Harvey Norman chairman Gerry Harvey says businesses are well within their rights to pass on higher costs to customers if they want to stay afloat
The retail giant saw a 7.8 per cent decline in retail sales since July 1 as higher interest rates deter spending
Mr Harvey says the company’s Black Friday sales were on par with last year’s despite its website issues
The comments made by the chairman of Harvey Norman follow the furniture and electrical retail giant reporting a near-8 per cent decline in sales since July 1, as higher interest rates deter consumers from spending.

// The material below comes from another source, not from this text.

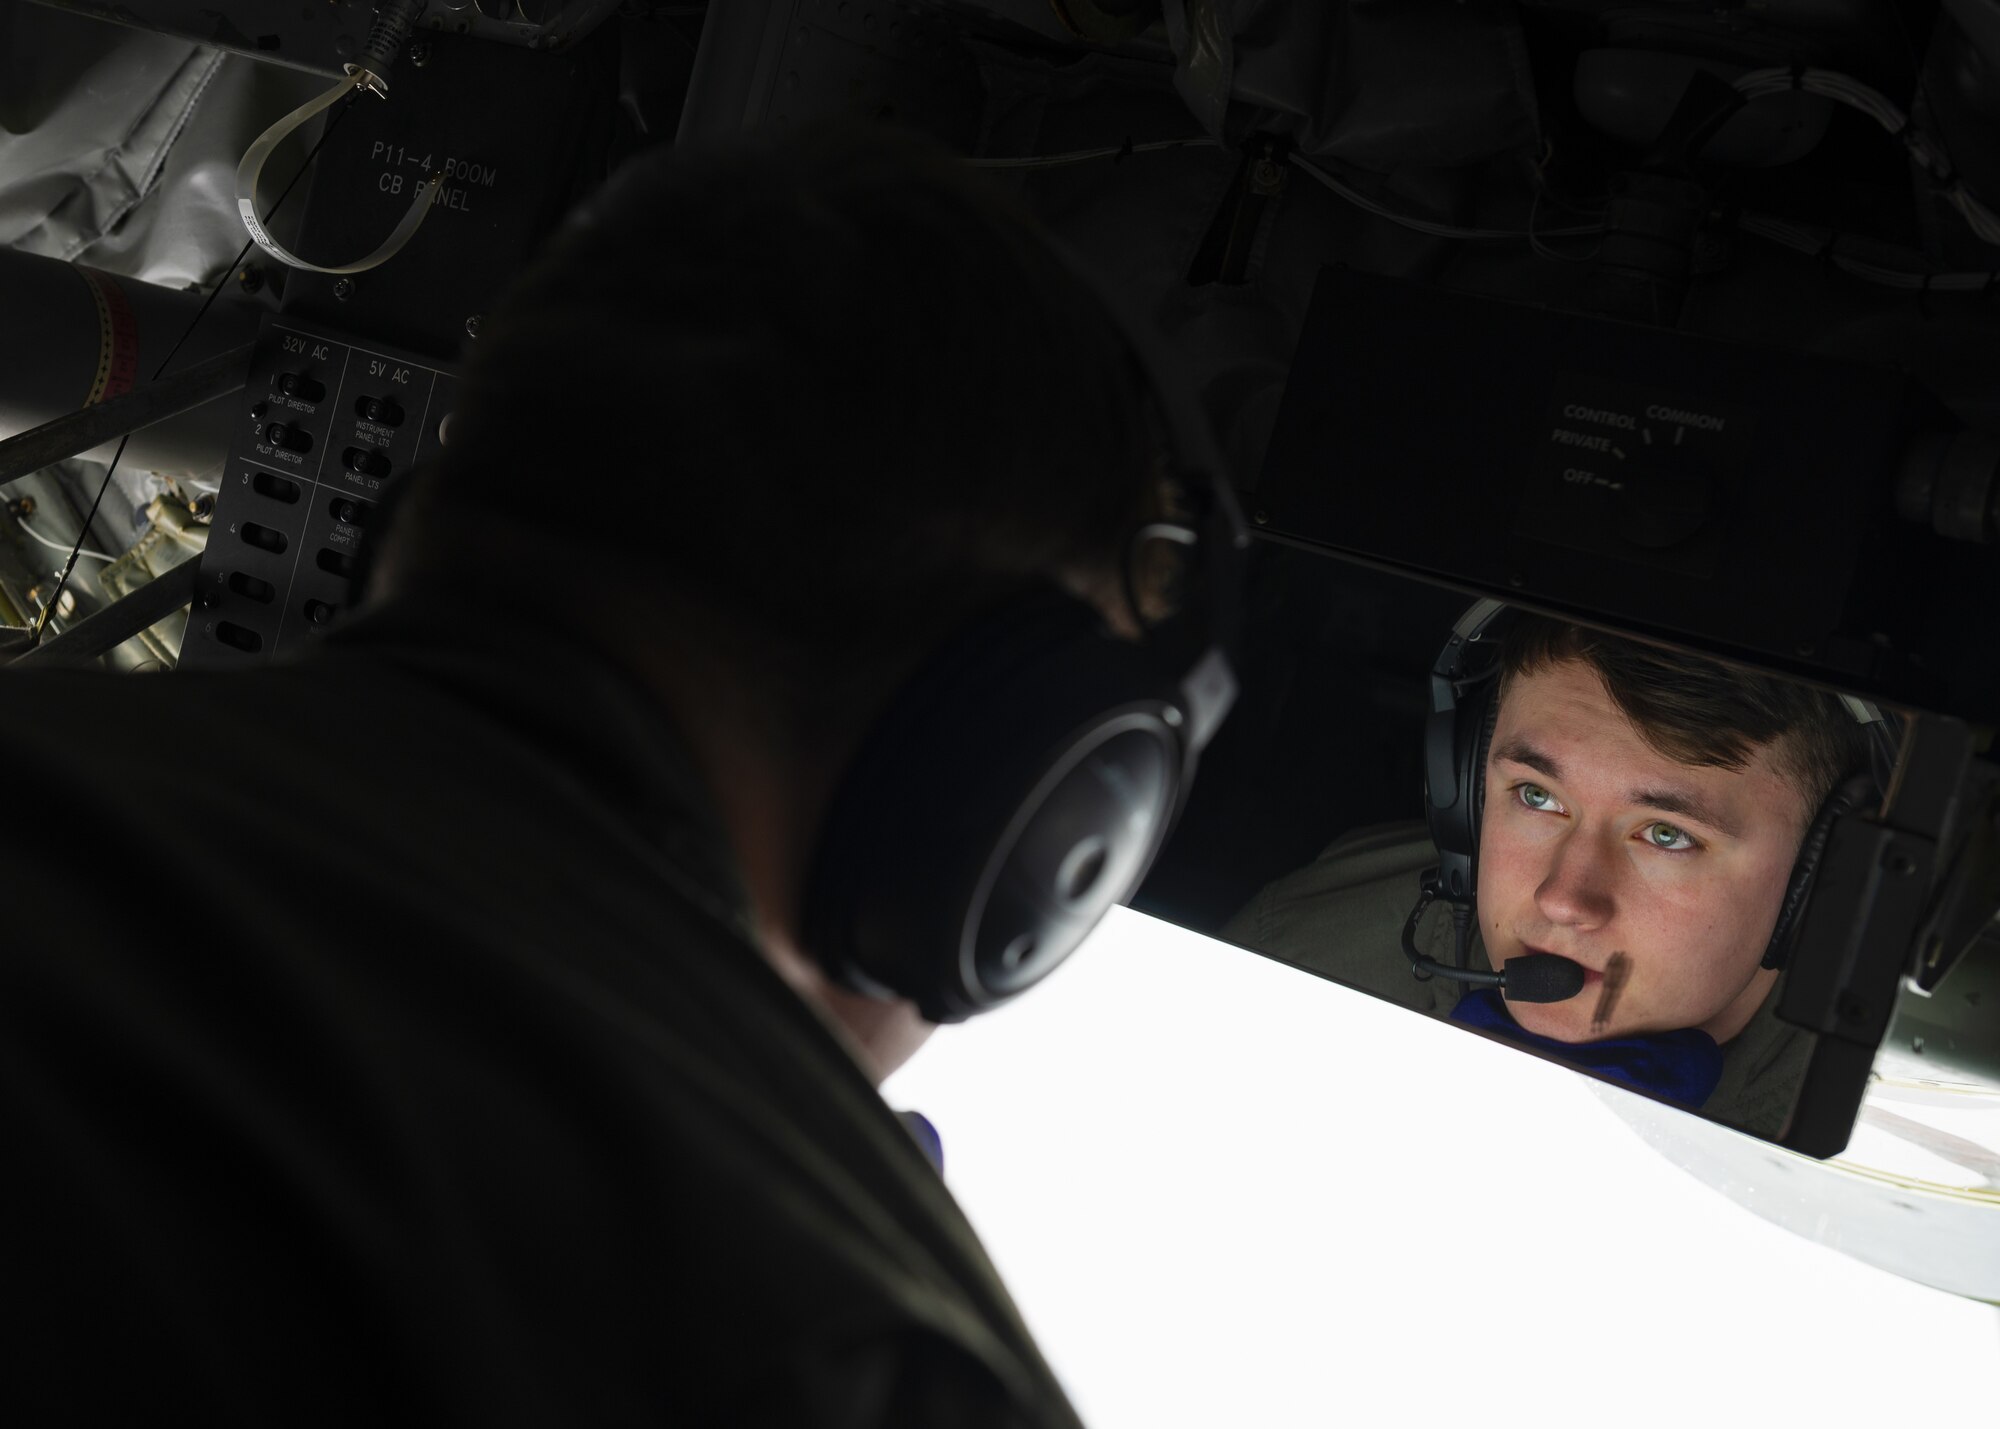 U.S. Air Force Senior Airman Sage Ledet, 384th Air Refueling Squadron inflight refueling specialist, prepares to perform aerial refueling during Fairchild’s Phase Two preparation exercise for Air Mobility Command’s capstone exercise, Mobility Guardian 2023, Feb. 14, 2023. The Phase 2 exercise emphasized aircrew endurance, dynamic air refueling concepts, testing of a variety of the KC-135 mission sets, and included an advanced 72-hour endurance event. (U.S. Air Force photo by Staff Sgt. Lawrence Sena)

But in a sit-down interview with The Business after the retailer’s annual general meeting on Wednesday, Mr Harvey said businesses were within their rights to pass on higher costs to customers in the form of higher prices or else they would go bankrupt.
“The big problem you’ve got for business going forward in the next 12 months is that I think you’re possibly going to see more bankruptcies than you’ve seen for a very long time, because you’ve got a lot of businesses out there at the moment under extreme pressure,” he told The Business.
“It’s pretty tight out there for a lot of businesses now. If they don’t put up their prices, they don’t survive.”
He argued that higher labour costs were one of the biggest drains affecting the bottom line of businesses, but said there was an upside, even if some “give up because the costs are beating you”.
“The good part about that, if there is a good part to it, is that it does bring inflation down and creates employment and all those sorts of things, which is possibly what’s going to happen,” he said.